Me pidió una intervención el Señor Rodolfo Useda Franco de Ilobasco, porque lo mencionaron entre los que desalojaron el templo de Los Desamparados y ha recibido amenazas por teléfono. El niega esta participación.

También proclaman su inocencia varios vecinos del cantón La Loma de San Pedro Perulapán, a quienes denunciaron por radio como haber cometido delitos y haber dado muerte y enterrado gente lo cual dicen ellos que es falso también.

Acerca del secuestro del Sr. Dunn, una carta de Argentina llega ofreciéndose la misma persona como un rehén en su lugar. No es necesario todo esto cuando los protagonistas de estas cosas tienen un sentimiento humano, y si es verdad la lucha por el pueblo ennoblece todo esfuerzo, pierde su virtud cuando atropella a otros hombres.

PENSAMIENTO QUE NOS LLEVA AL ALTAR

Terminemos pues, como hemos empezado diciendo que en los pobres, en el pueblo que sufre, hay una gran esperanza y por eso la Iglesia, en nombre de Jesucristo, quiere arrancar todo lo sucio que pueda haber en ese pueblo.

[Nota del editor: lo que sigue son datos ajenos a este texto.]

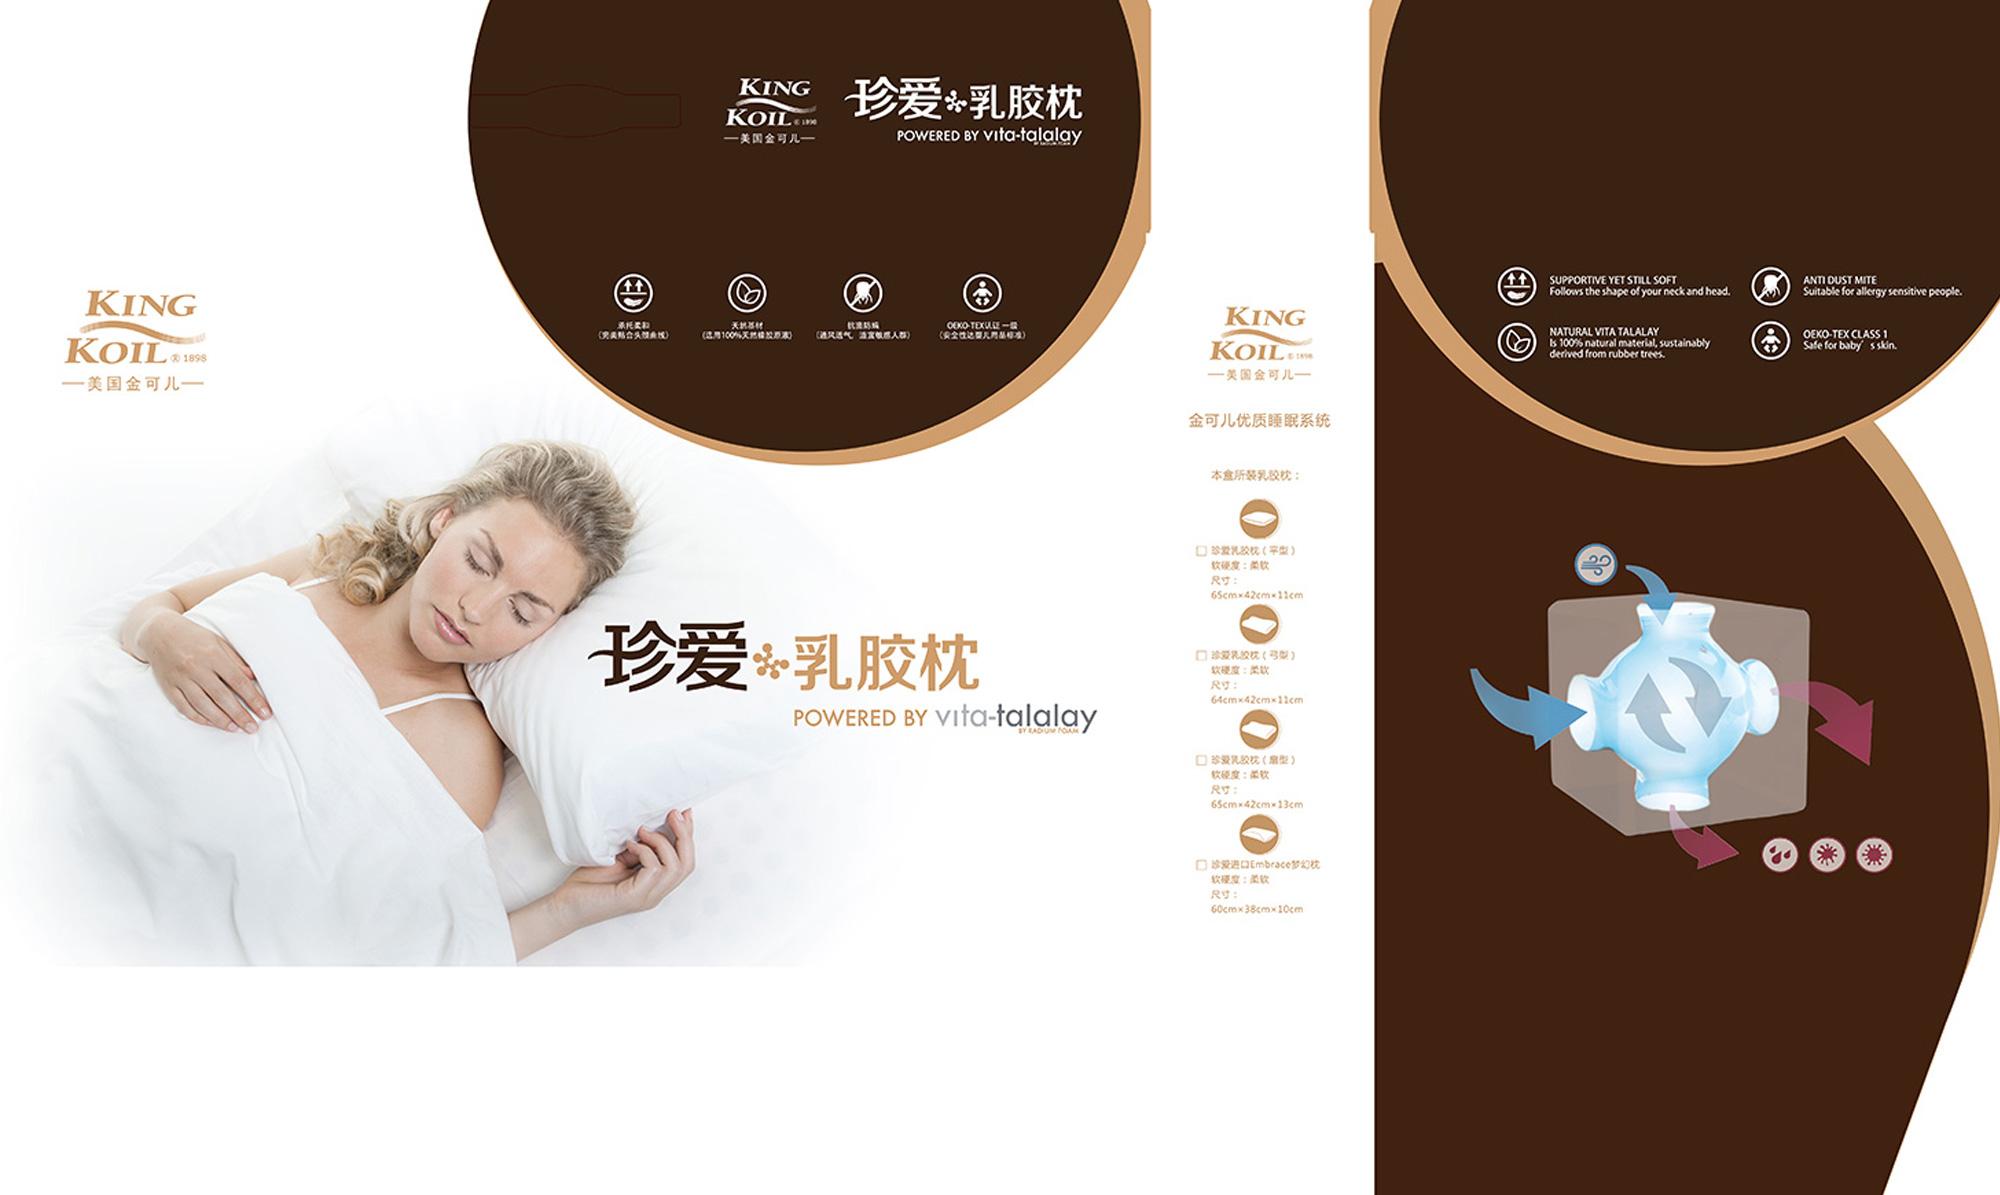 quentin_paquignon-packaging-kingkoilchina_07.jpg

Véanlo así, mi esfuerzo de denuncia no tiene otro afán que querer decir: queremos un pueblo santo, queremos un gobierno que de veras comprenda a los pobres, queremos una política que de veras camine en el bienestar de nuestro pueblo y de nuestros pobres. Y así podemos repetir hoy con Jesucristo: ¡Bienaventurados los pobres, porque de ellos es el Reino de los cielos..!.